What would it be like to go back in time and change history?  That’s the premise of Utopia.  Except rather than trying to change the past to make things better in the future, you’re a megalomaniac Time Lord trying to create your warped vision of the future.  Players recruit famous people from history to pilot their chronoships to different eras where they gain knowledge, obtain technologies, and recruit more chronoship pilots. These are used to complete butterfly effect missions that will alter the timeline.  The first player to complete 3 butterfly effect missions wins the game.
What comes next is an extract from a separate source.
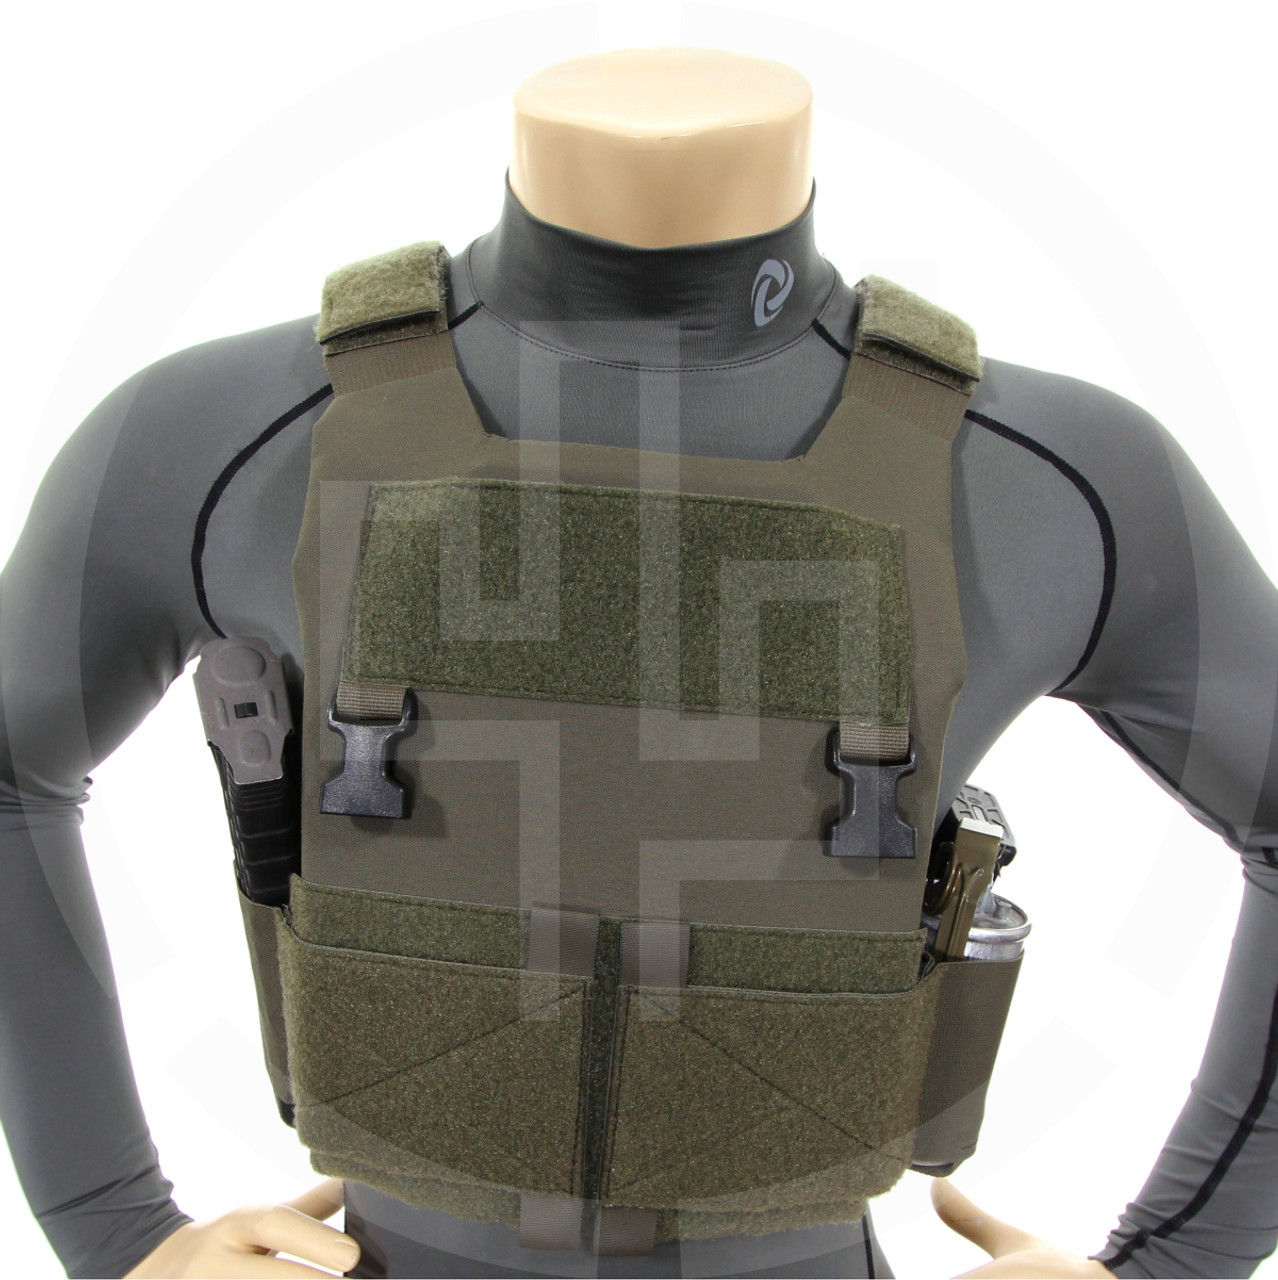 LV-119 Low Vis Slick Plate Carrier Tactical Vest Airsoft Military

Utopia is easy to learn, quick to play, with a good deal of player interaction as they vie to place their chronoships in the different time zones.  Players can even assassinate other players’ chronoship pilots, but with the ability to time travel, no one ever truly dies.  The components are very good and the game comes with an insert for storing everything neatly (no baggies!).  The game also comes with a mini-expansion and both a solo and a co-op mode. Kudos too for the designer who was very responsive to the few rules questions we had.

Ease of entry?:
★★★★☆ – The odd bump or two
Would I play it again?:
★★★★★ – Will definitely play it again

Read more articles from David Wood.

Le Roy des Ribauds – Justin Bell

Matagot is working on a number of “micro game” publications styled in the Button Shy mold of wallet-sized, 10-minute games. Le Roy des Ribauds (which will be released wide in 2024) is based on a comic series created by Vincent Brugeas and Ronan Toulhoat, featuring kings, queens, knights and assassins. In the game (designed by Erwann Ricord), two players compete to achieve one of the three win conditions using a small hand of three cards: possess three queen cards at the start of their turn, end a turn with two face-up assassins in the market row surrounding another face-up character card, or end a turn with three face-up kings in the market row.

Cardplay here is clever, as players use the powers of the four card types to flip cards face-up or face-down, look at the opponent’s hand, or try to play a version of The Shell Game by moving face-down cards around when only you know a card’s identity. And games are fast–the package says games should last 10 minutes, and in my experience across three plays, that is very accurate.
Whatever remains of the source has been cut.